Truth or Consequences


When I hear the word vulnerable, certain images come to my mind:  A dog or cat, or any animal laying down on its back during a fight.  Someone with his or her back to a wall with nowhere to go.  Or someone walking down a cobblestone street, in the dark, slightly damp with scary music in the background.

All these scenarios indicated danger or losing to me.  And I shied away from using the word.  Yet it is the current buzzword in communication/new age health circles.  So I decided to look it up.

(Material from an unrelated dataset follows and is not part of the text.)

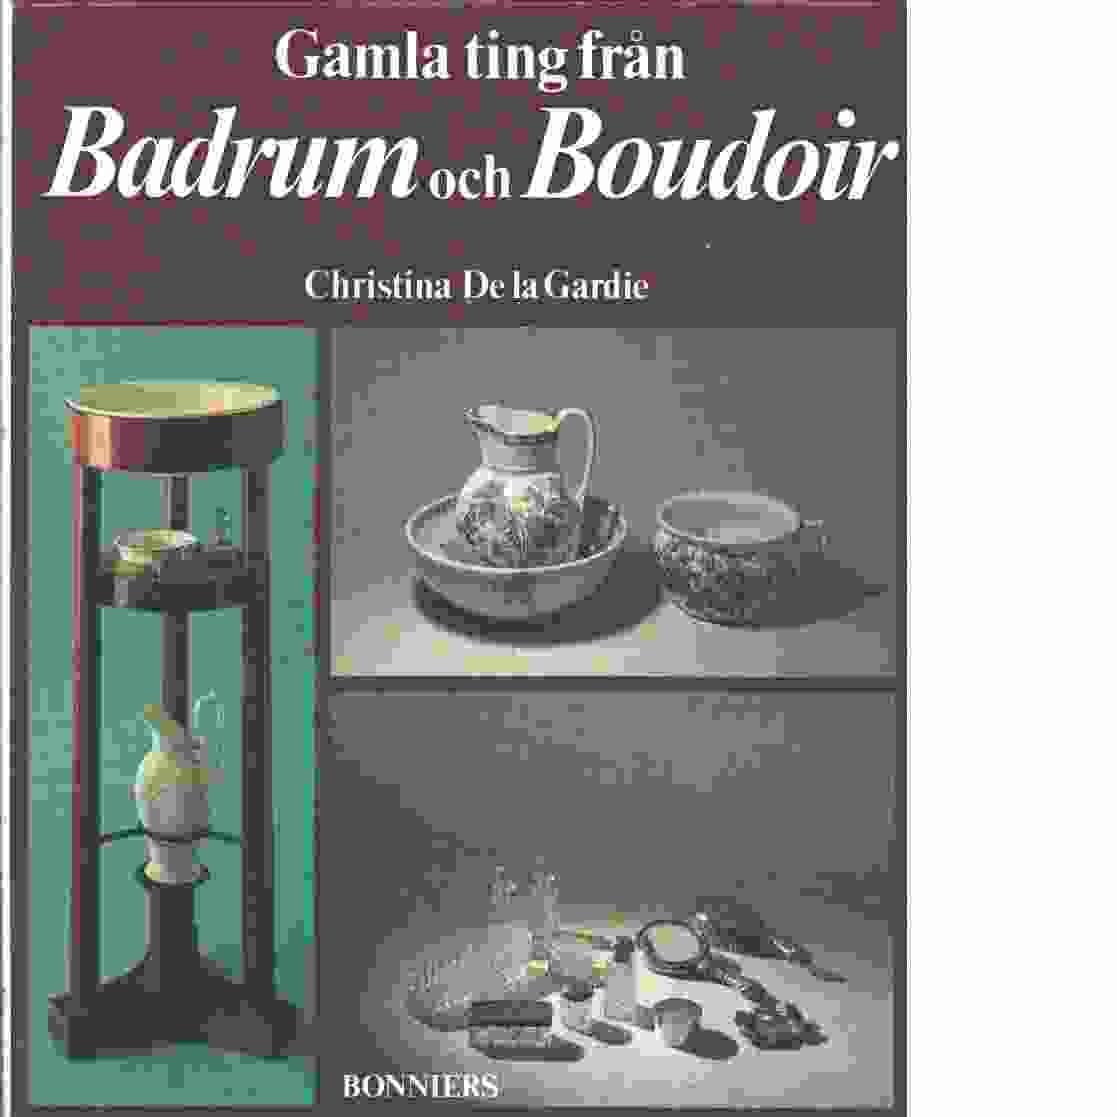 Gamla ting från badrum och boudoir - De la Gardie, Christina

vulnerable |ˈvəln(ə)rəbəl|
adjective
susceptible to physical or emotional attack or harm: we were in a vulnerable position | small fish are vulnerable to predators.
Bridge (of a partnership) liable to higher penalties, either by convention or through having won one game toward a rubber.
ORIGIN early 17th cent.: from late Latin vulnerabilis, from Latin vulnerare ‘to wound,’ from vulnus ‘wound.’

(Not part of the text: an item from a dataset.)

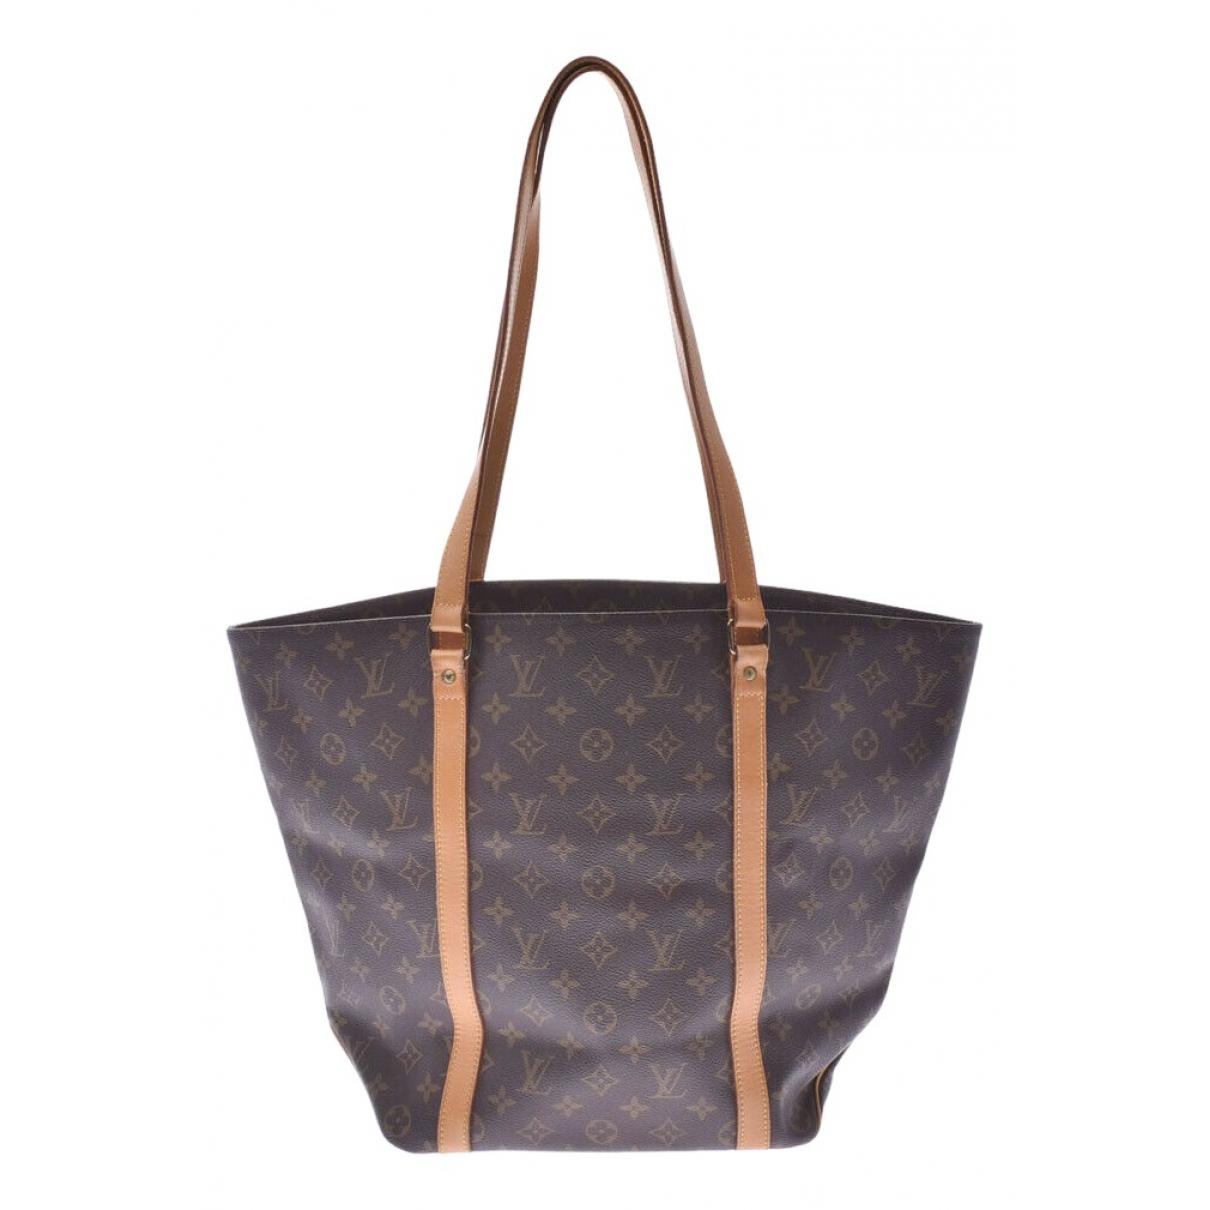 Louis Vuitton - Sac a main Shopping pour femme en toile - marron

What!?  Susceptible to attack!  Harm?!  Of course it is hard to be vulnerable. Of course I hear people say I don’t want to be vulnerable.

But what does that have to do with saying the truth?  Why do we think that telling others what is really going on for us will make us susceptible to attack?  I’m sure it is an old story.  Parents and society in general not being able to communicate their needs without squashing the needs of the children?  Possibly going to school for 12+/- years sitting in straight rows, competing with the kids next to us for the approval of the authority?  Thus making ‘all others’ our enemies?  Yes, we do have a lot to get over.

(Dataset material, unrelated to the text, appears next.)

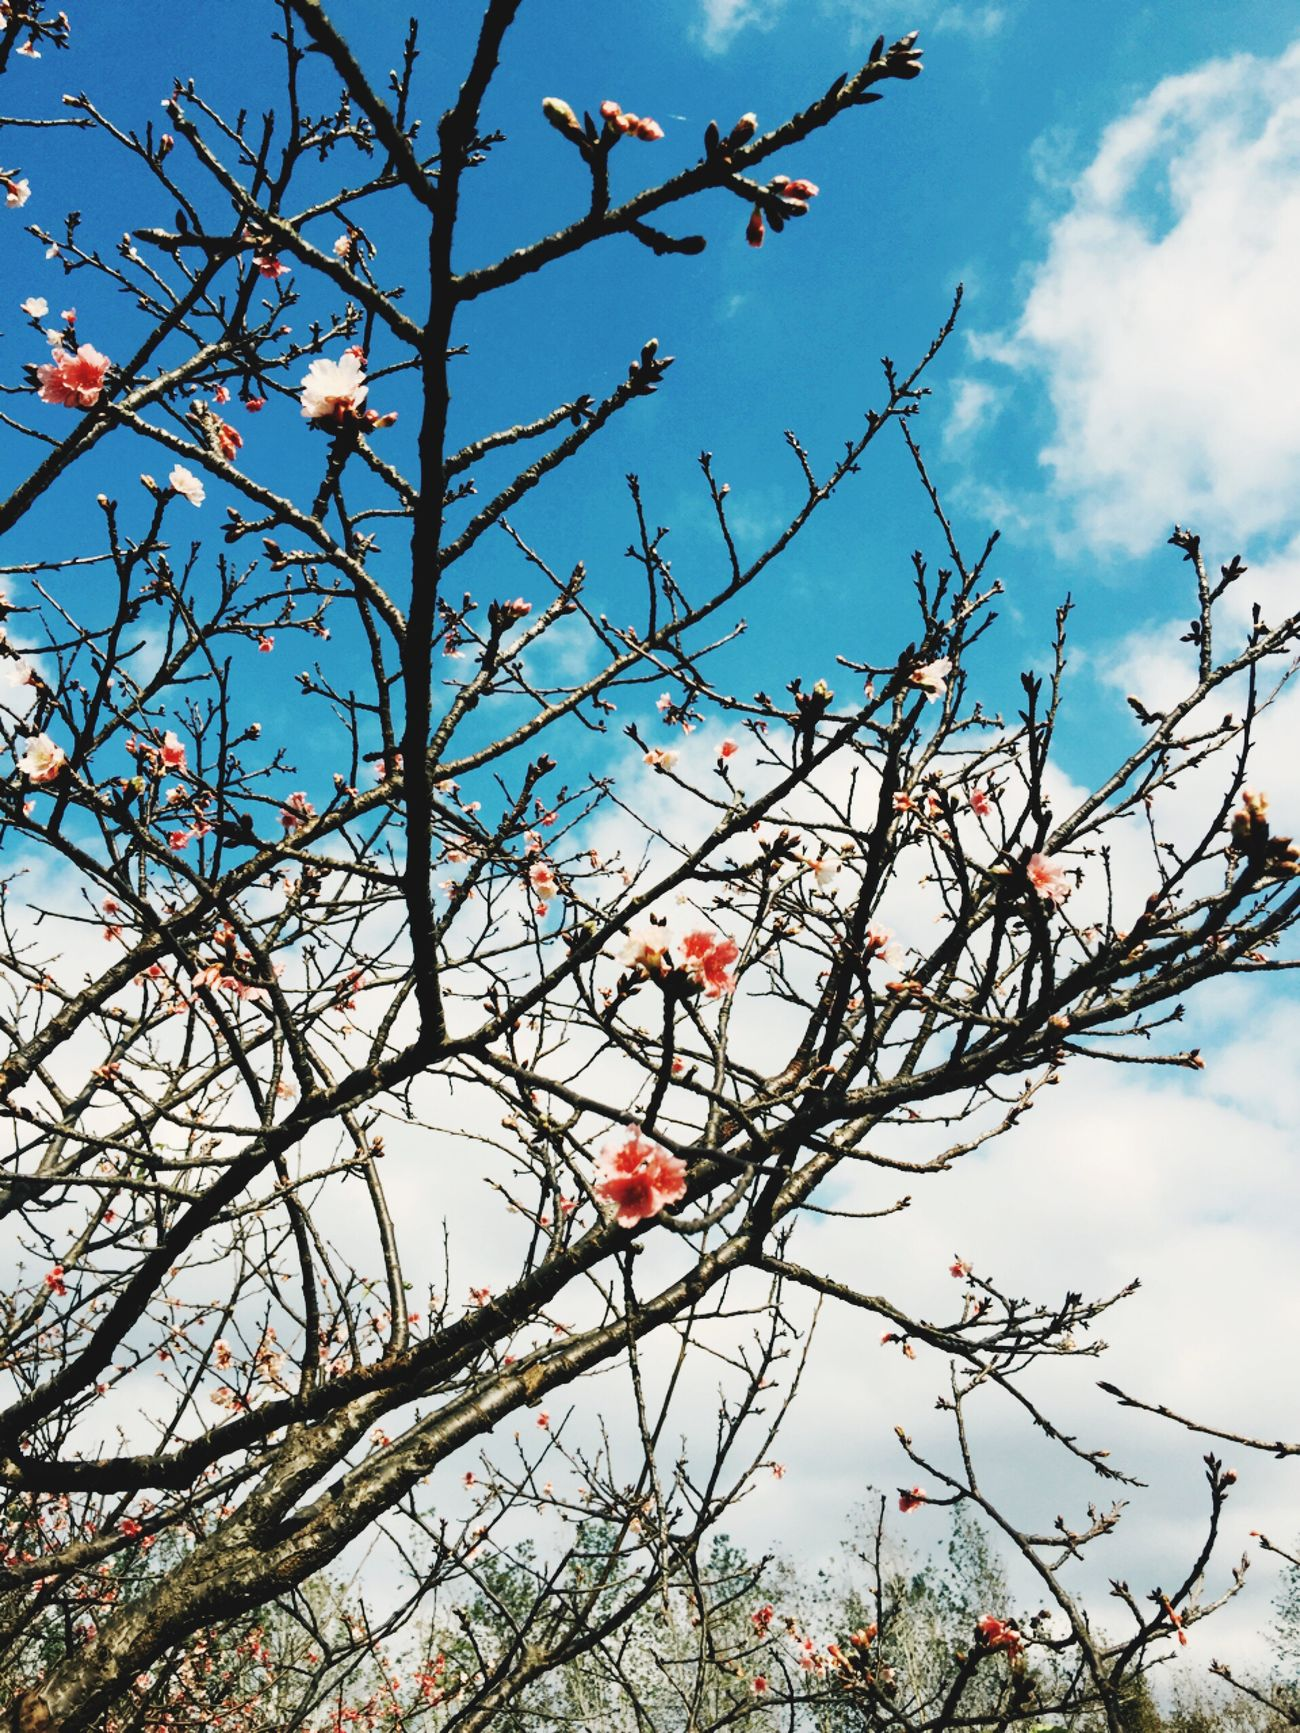 Beauty In Nature 櫻花開了Cherry blossomsきれいな桜が咲いた

And is there a difference between being susceptible to attack and being harmed?  I think yes.  And it is a big difference.  If someone doesn’t like what you say or do and they tell you (yes, even in ways you do not like, for example yelling or poking fun) which may seem like an attack, still really what is the harm?

So I looked up harm.

harm |härm|
noun
physical injury, esp. that which is deliberately inflicted: it's fine as long as no one is inflicting harm on anyone else.
• material damage: it's unlikely to do much harm to the engine.
• actual or potential ill effect or danger: I can't see any harm in it.
verb [ with obj. ]
physically injure: the villains didn't harm him.
• damage the health of: smoking when pregnant can harm your baby.
• have an adverse effect on: this could harm his Olympic prospects.

Talks about physical injury only.  Most often when the discussion of vulnerability comes up, it is emotional harm that we are talking about.  “I don’t feel emotionally safe.“   And that, my friends, is an inside job.  What I hear when you say ‘emotional safety’ is that you are not willing to bear the feelings you have because of the meaning you make about what someone says to you.  You are mistakenly giving your power away.  Maybe that’s why you might say you are vulnerable.  But, as it turns out, it isn’t true.  

The consequence is to continue to outsource your emotional safety, and wait til you think you can control what everyone says to you and wait and wait, and hope to get your needs met, so you feel comfortable.   Although I am not so sure you are really comfortable, you just prolong the experience of feeling scared.  Which is the very experience of not having emotional safety.  augh.  What a horrifying loop!

What if you took yourself on and remained curious about how and why you feel a particular way?  What if when someone said something you didn’t like, you used your uncomfortable feelings to guide you to the very things that are important to you in that moment?  It is quite the powerful, resourceful place to be.  It is freedom.

You can walk down the dark alleys of relationships fraught with dangerous conversations with confidence, knowing that your emotions (yes, even the ones you have been trained not to like) are your gateways to identifying what’s important to you.  And when you know what’s important to you, you can make conscious choices to have more of it – in every moment.